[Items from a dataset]
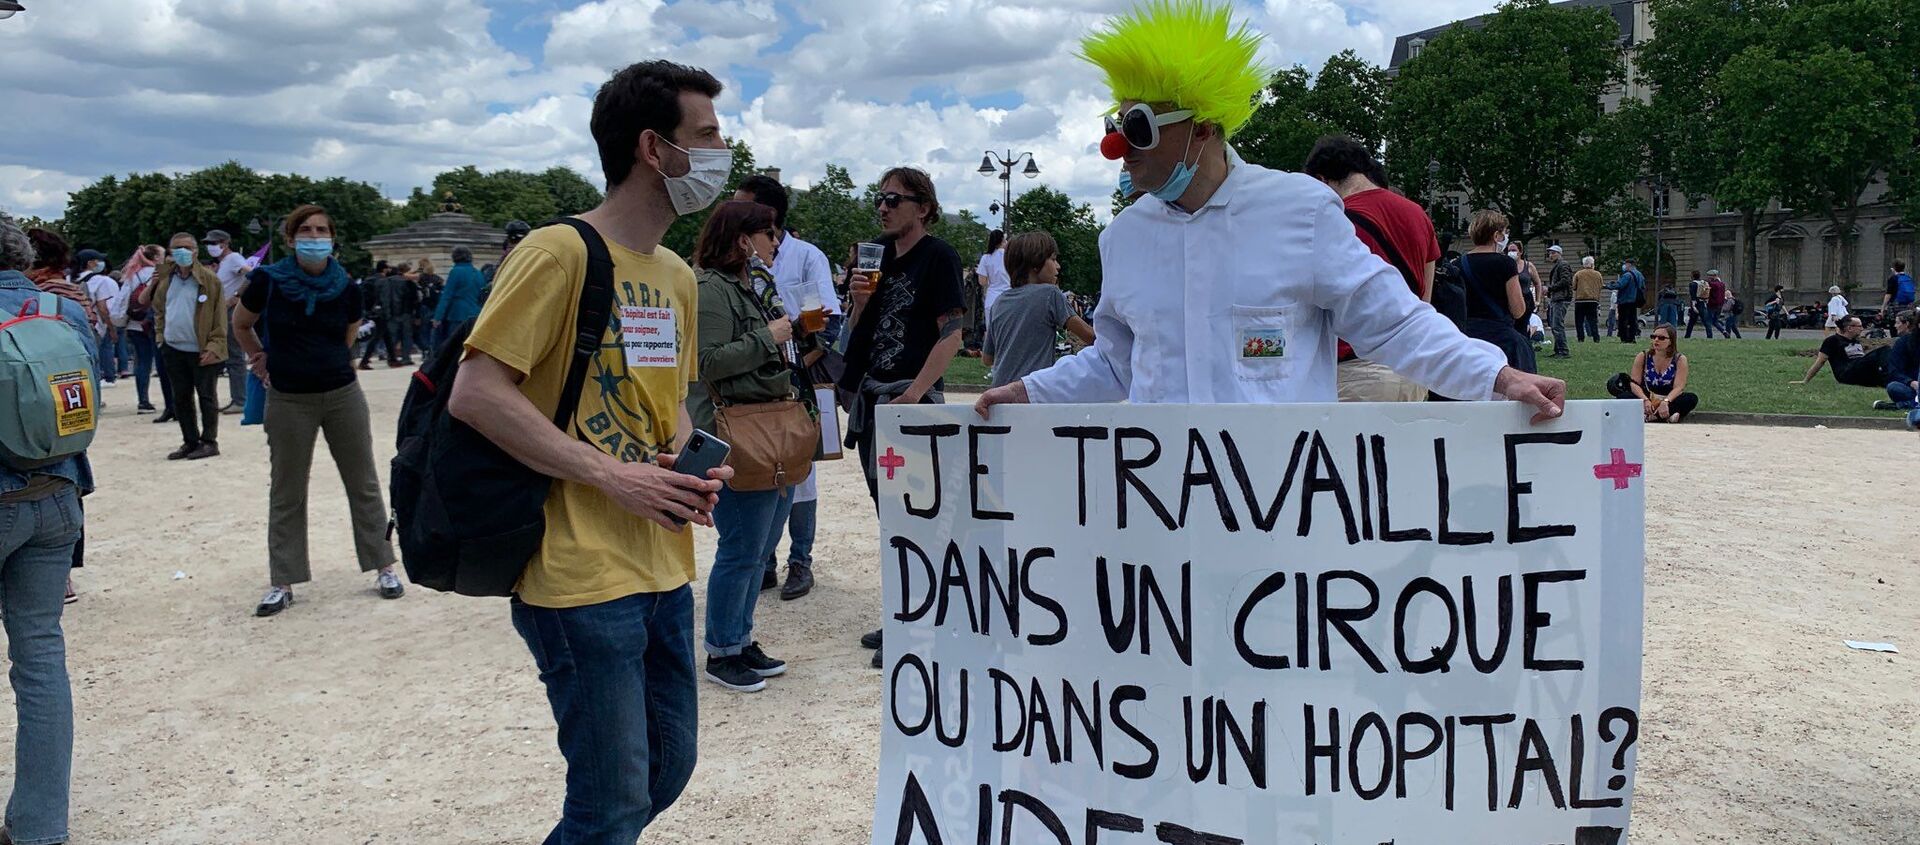 مظاهرات الأطباء يطالبون بتحسين شروط العمل في باريس، فرنسا 16 يونيو 2020 - سبوتنيك عربي, 1920, 14.08.2021
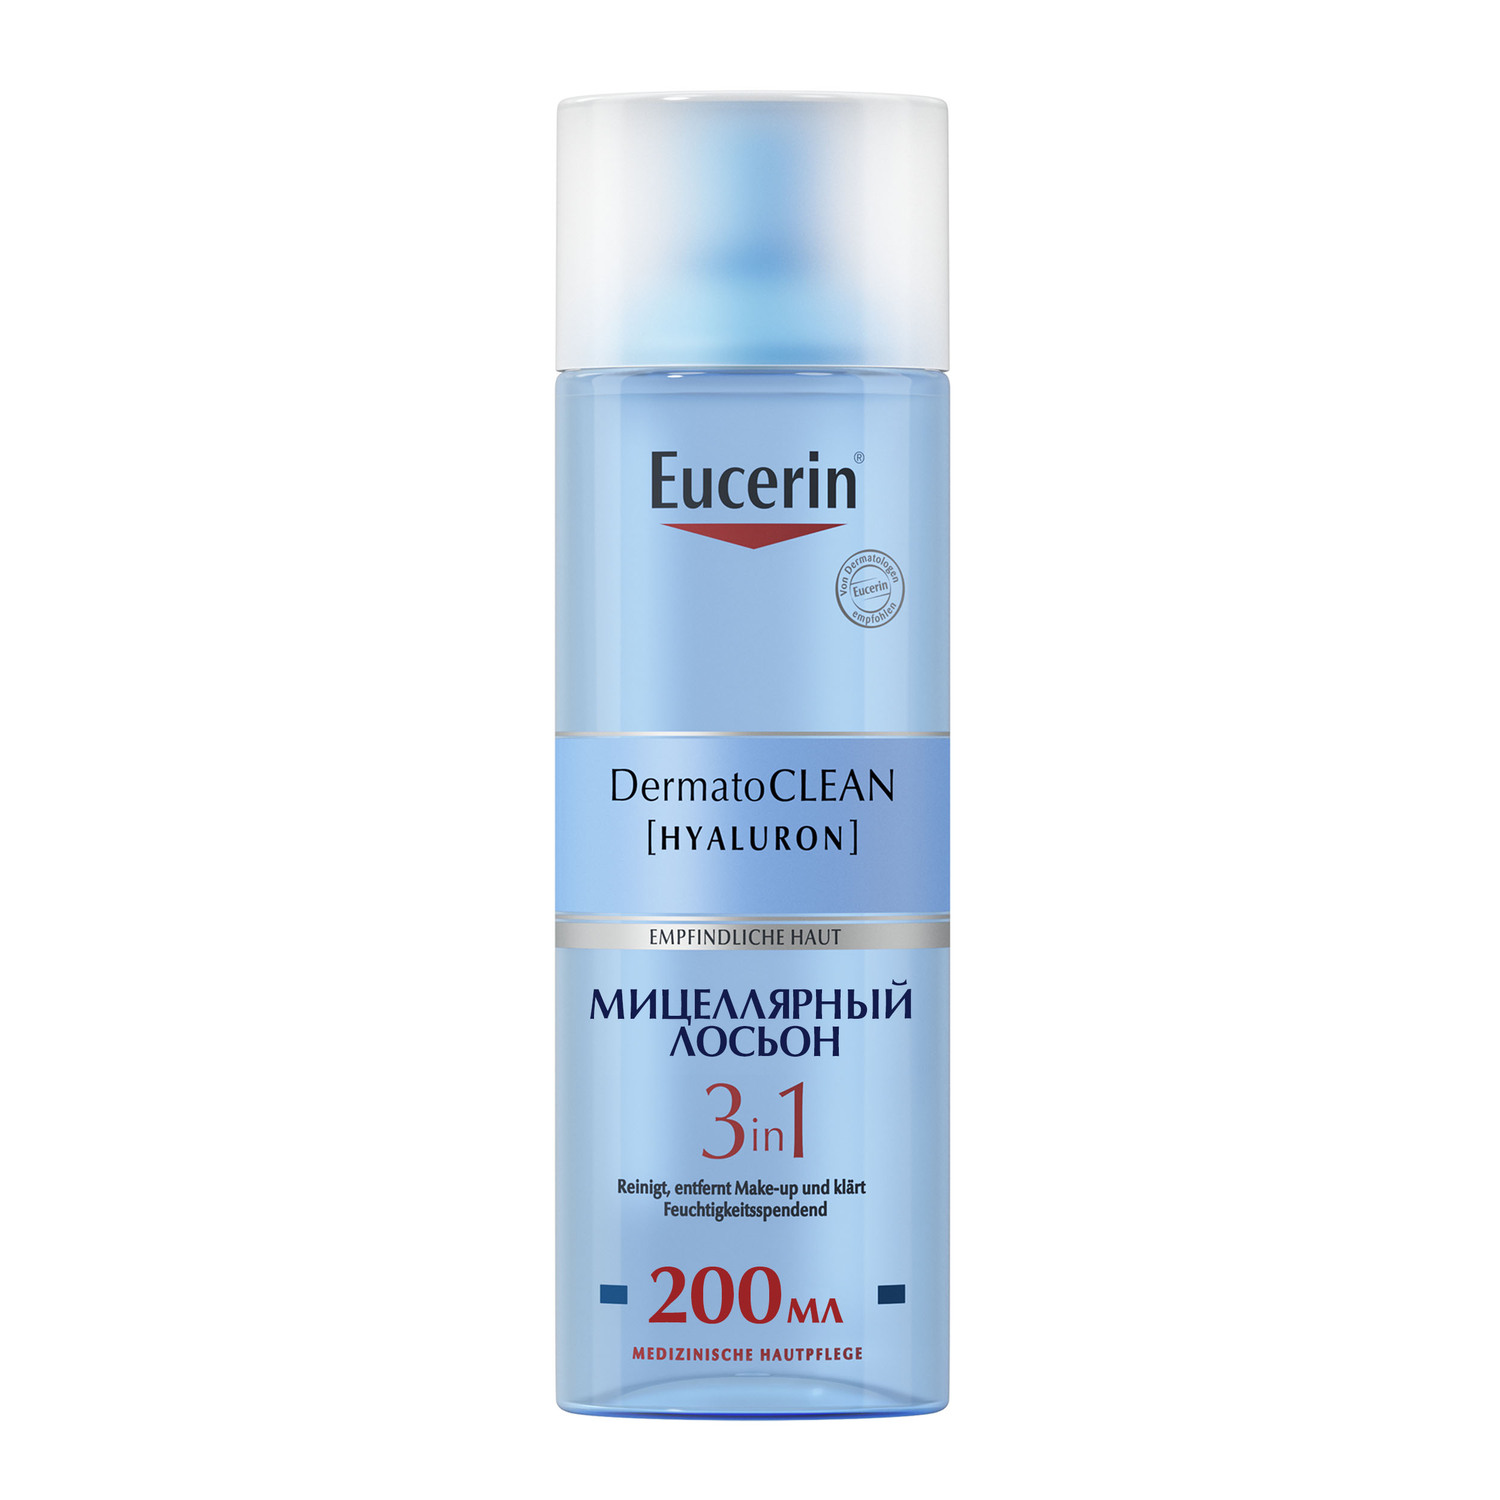 Эуцерин Освежающий и очищающий мицеллярный лосьон 3 в 1, 200 мл (Eucerin, DermatoClean) фото 0
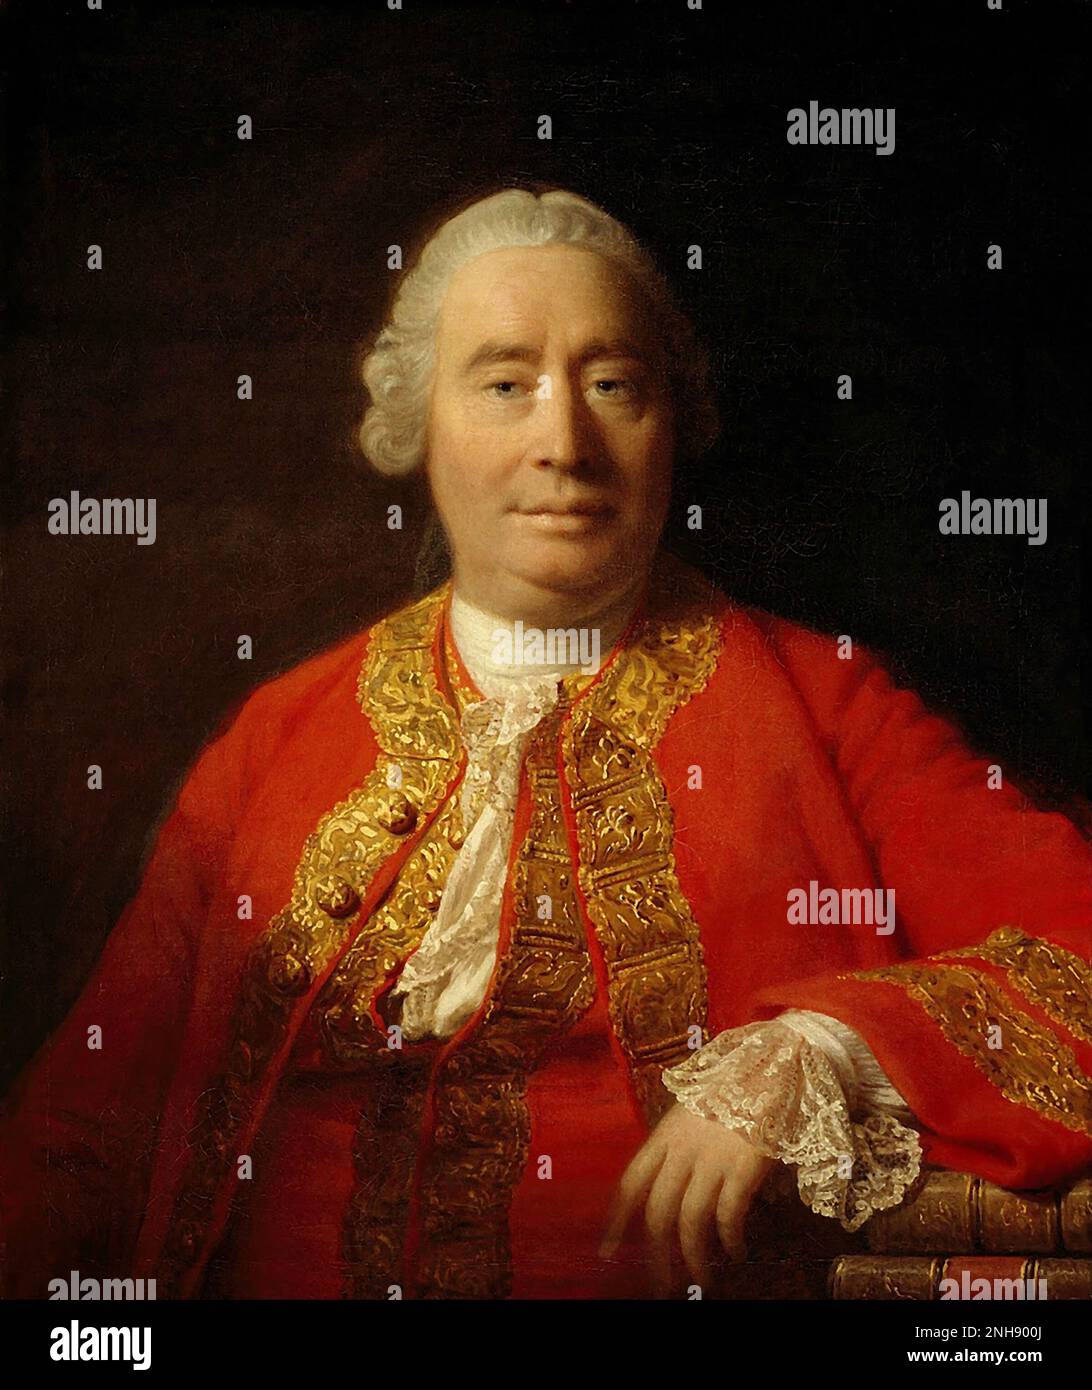 David Hume (1711-1776), filosofo, storico ed economista scozzese dell'Illuminismo, meglio conosciuto per il suo sistema altamente influente di empirismo filosofico, scetticismo e naturalismo. Pittura di Allan Ramsay (1713-1784), 1766. Foto Stock
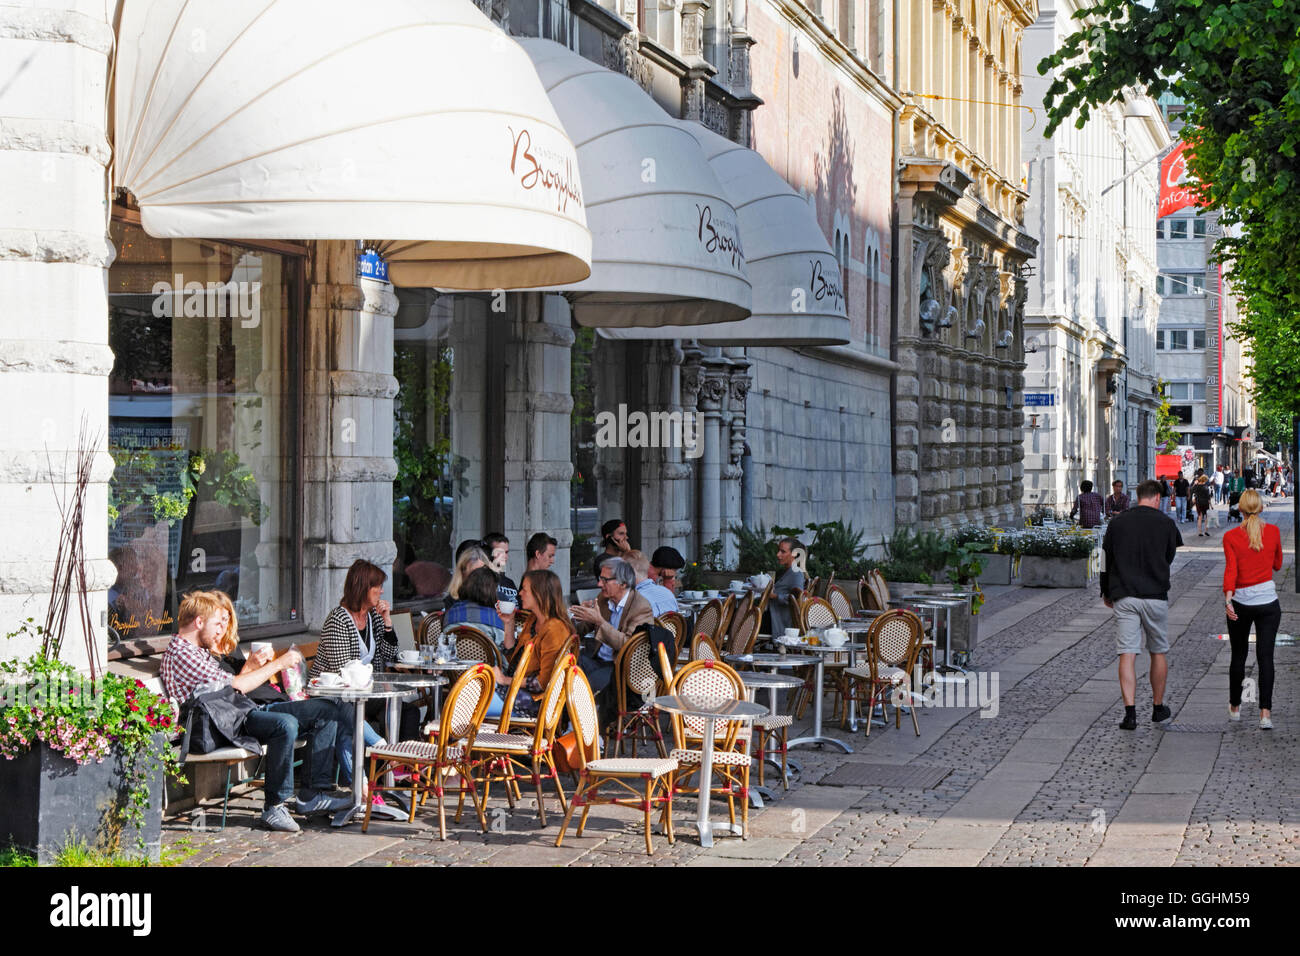 Pastelería y café, Vaestra Brogyllens Hammgatan, Gotemburgo, Suecia Foto de stock
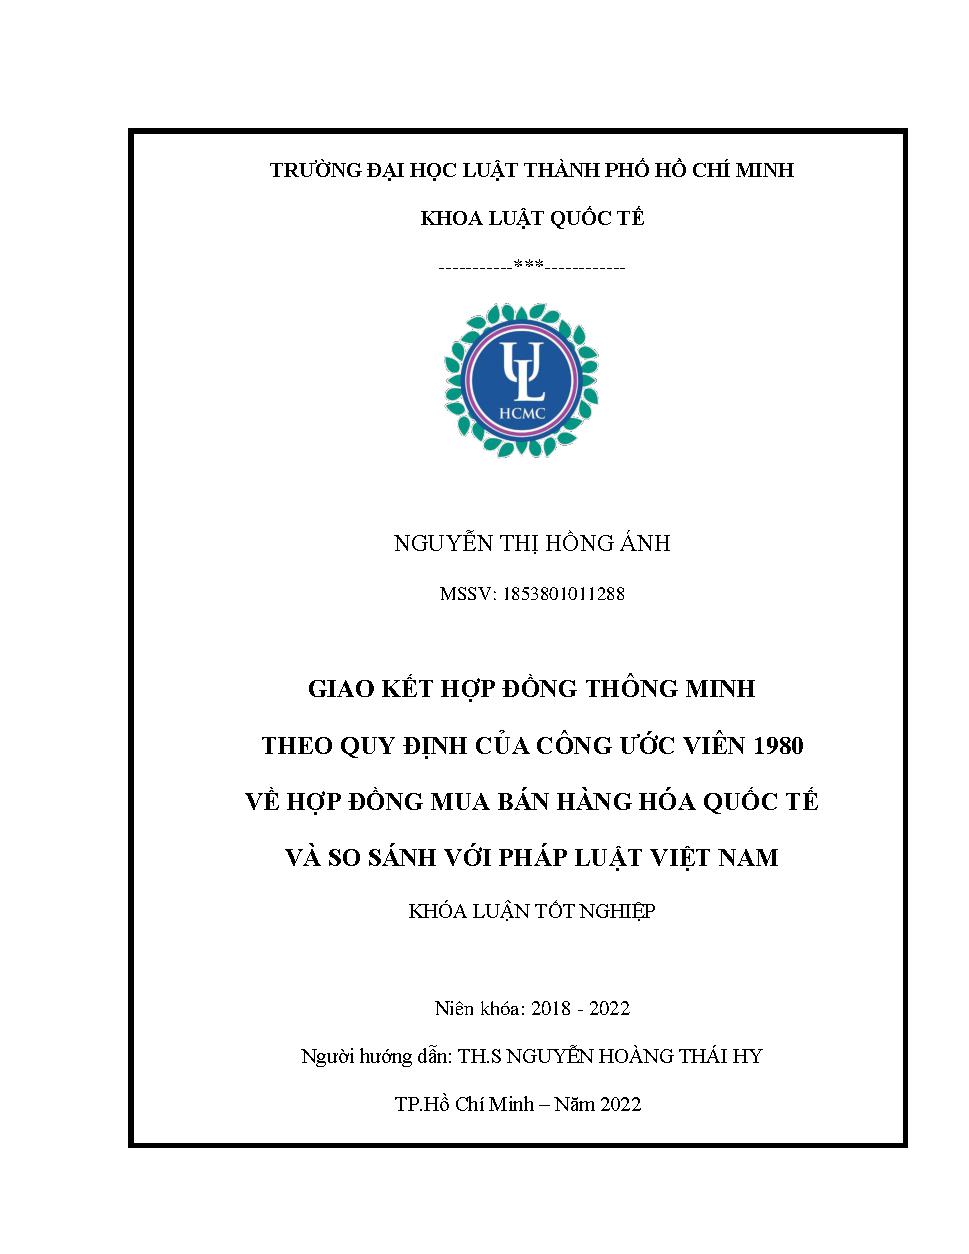 Giao kết hợp đồng thông minh theo quy định của công ước viên 1980 về hợp đồng mua bán hàng hóa quốc tế và so sánh với pháp luật Việt Nam

### [WORK REQUEST]
Write every entry again exactly as given, skipping the pictures.

### [EXERCISE RESPONSE]
 مظاهرات الأطباء يطالبون بتحسين شروط العمل في باريس، فرنسا 16 يونيو 2020 - سبوتنيك عربي, 1920, 14.08.2021
 Эуцерин Освежающий и очищающий мицеллярный лосьон 3 в 1, 200 мл (Eucerin, DermatoClean) фото 0
 David Hume (1711-1776), filosofo, storico ed economista scozzese dell'Illuminismo, meglio conosciuto per il suo sistema altamente influente di empirismo filosofico, scetticismo e naturalismo. Pittura di Allan Ramsay (1713-1784), 1766. Foto Stock
 Pastelería y café, Vaestra Brogyllens Hammgatan, Gotemburgo, Suecia Foto de stock
 Giao kết hợp đồng thông minh theo quy định của công ước viên 1980 về hợp đồng mua bán hàng hóa quốc tế và so sánh với pháp luật Việt Nam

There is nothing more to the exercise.